Issue 2 - Data records have random amounts of leading and following CRs and spaces
For the files I can parse with lxml.etree, the actual Data records are also wrapped in CRs and random spaces:
<Data>
(random numbers of CR + spaces and sometimes tabs)
*content<CR>*
(random numbers of CR + spaces and sometimes tabs)
</Data>
and therefore when I run
parser = etree.XMLParser(recover=True)
tree = etree.parse('vendor-1-records.xml', parser=parser)
tags_needed = tree.iter('Data')
for it in tags_needed:
print (it.tag,it.attrib)
I get a collection of empty Data tags (one for each data record in the file) like
Data {}
Data {}
Questions
- Is there a more efficient language/module than Python's lxml for ignoring the illegal characters? As I said, I've dug through a number of cookbook blog posts, SE articles, etc for pre-processing the XML and nothing seems to really work - there's always one more control character/etc that hangs the parser.
SE suggested a post about cleaning XML which references an old Atlassian tool ( Stripping Invalid XML characters in Java).
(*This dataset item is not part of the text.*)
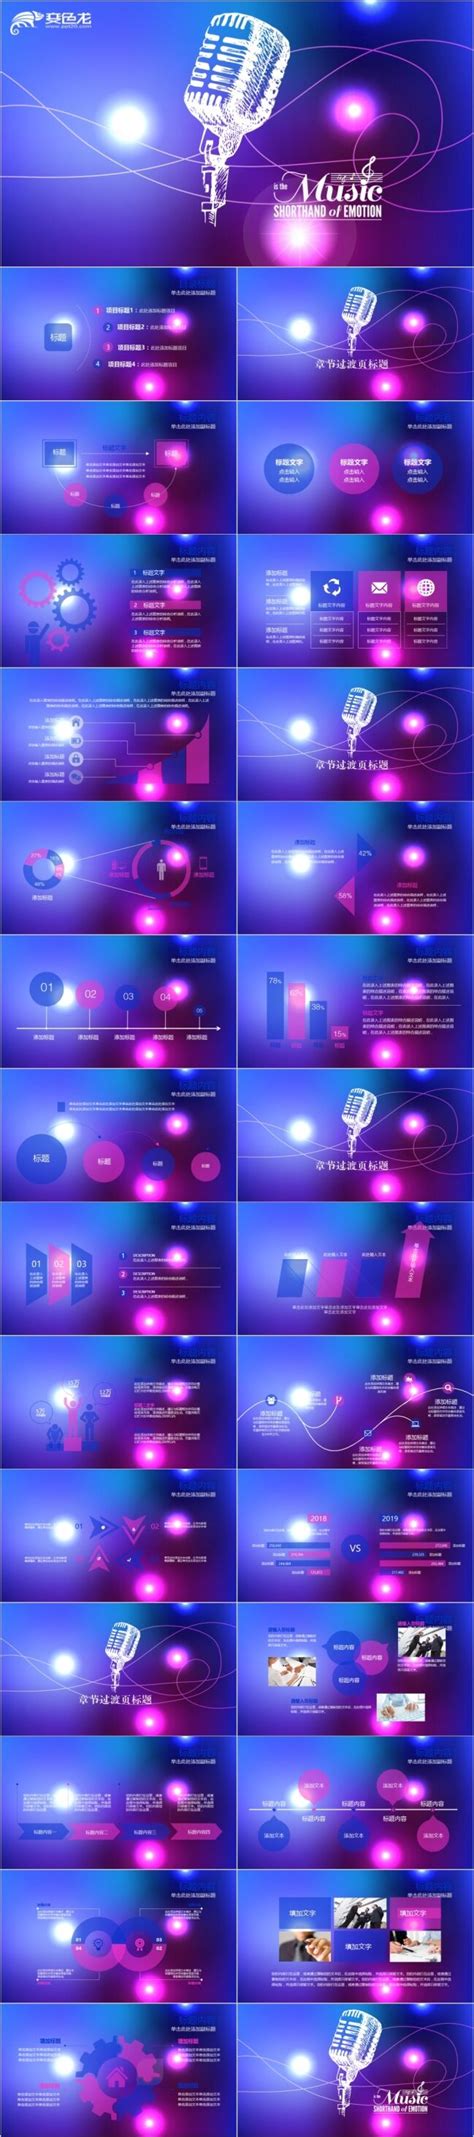 青紫色ファンタジーIOSはジャイアントパンダ属イNNスイートデュポンフィルム方法を巻くテンプレートPPT -PPT私がいプロダクツ ...

I did some basic tests and it seems like it might work but open to other suggestions.
- I have not used regex with Python much - any suggestions on how to handle cleaning the leading/trailing CR/space/tab randomness in the Data tags? The actual record string I want in that Data tag also has a CR at the end and may contain tabs as well so I can't just search and replace. Maybe there is a regex way to pull that but my regex-fu is pretty weak.